The right answers will be posted in a few days...

G' luck!


----------



## FernMan (Jun 4, 2006)

Ok let's see...


1) C. willisii
2) C. pontederiifolia
3) C. scurrilis --- pinkish under the leaf...
4) C. cordata


Soooo how terribly did I do??? 

I'm dreaming of a tank background full of C. balansae... and these little gems in the foreground!


----------



## Ghazanfar Ghori (Jan 27, 2004)

Almost 50 views and only one guess?!


----------



## legomaniac89 (Mar 19, 2008)

Aw, c'mon. No spathes? 

1. C. minima
2. C. beckettii "Green"
3. Got me. I want one, whatever it is 
4. C. cordata "Blassii"


----------



## ferchu22 (Oct 27, 2007)

Mmmmm, I'm very bad with this, but 1 and 4 seems to be something like cordata for me, but I'm not really sure.


----------



## Khamul1of9 (Oct 25, 2005)

I have no clue, I'm still learning. But if I had to guess, yes, the last one I would say _C. cordata_ var. Blassii, because I have one that looks just like it.


----------



## Ghazanfar Ghori (Jan 27, 2004)

Good guesses - but I was trying to reinforce a point I guess.

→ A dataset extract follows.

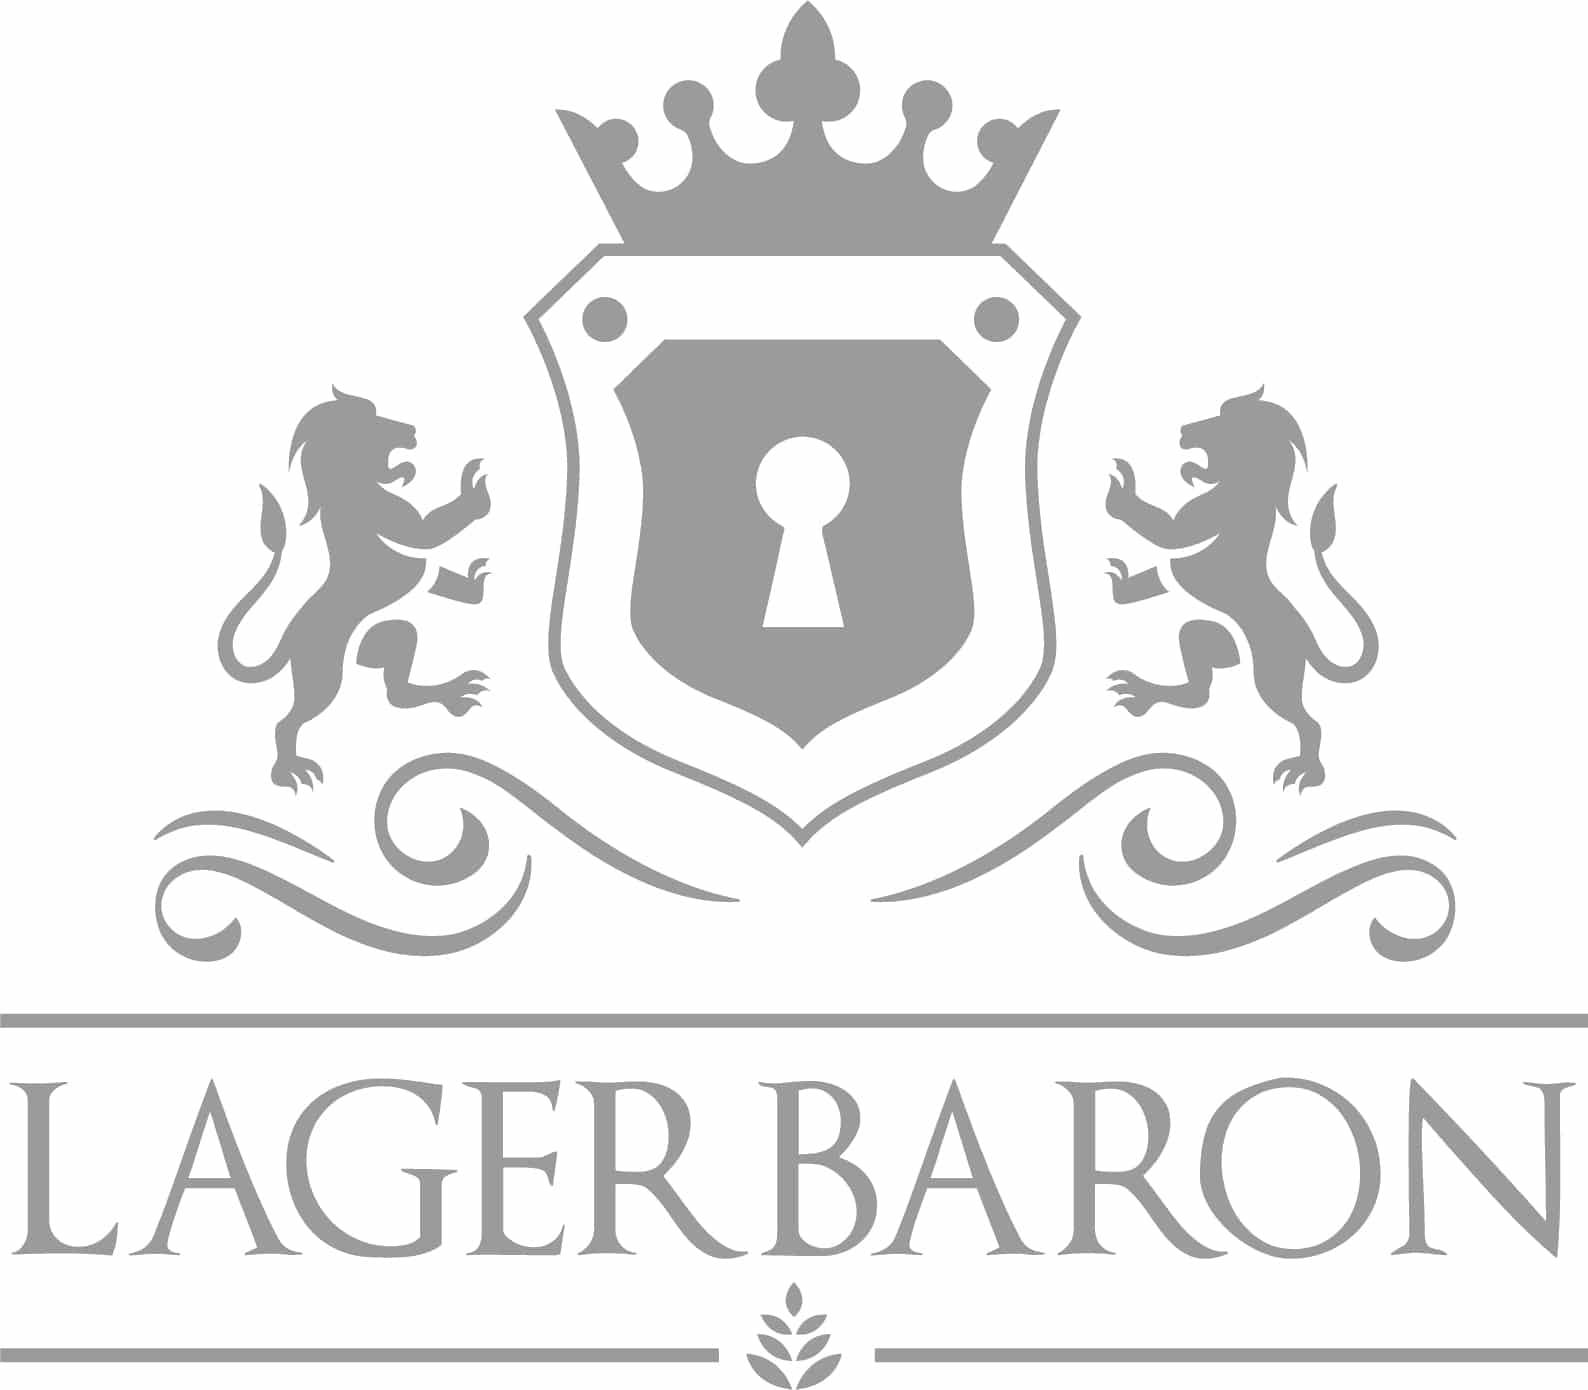 LAGERBARON

Legomaniac was on the right track - you really need spathes to ID these plants!

1) C. minima
2) C. minima
3) C. minima
4) C. cordata (threw that in there as a curve ball)


----------



## legomaniac89 (Mar 19, 2008)

Those first 3 are all minimas? Wow! Are they all different variations or localities?


----------



## Ghazanfar Ghori (Jan 27, 2004)

Yep - the first three are all different locations! There are a couple of other 'forms' that are fairly distinct as well that I don't have - yet


----------



## ferchu22 (Oct 27, 2007)

Really nice the last two minimas...


----------



## HoustonFishFanatic (Feb 26, 2007)

The C.minima in the third pic looks really awesome. Which location?


----------



## Ghazanfar Ghori (Jan 27, 2004)

I dont remember the location of the 2nd one, but the third one is probably from Sumatra - its C. minima 'Gasserii' - its a clone of what Robert Gasser grew in Florida - bright yellow spathe!


----------



## rs79 (Dec 7, 2004)

Nice one.


----------



## legomaniac89 (Mar 19, 2008)

_C. minima "Gasseri"_, huh? I'm definitely gonna have to get that one sometime. Awesome!


----------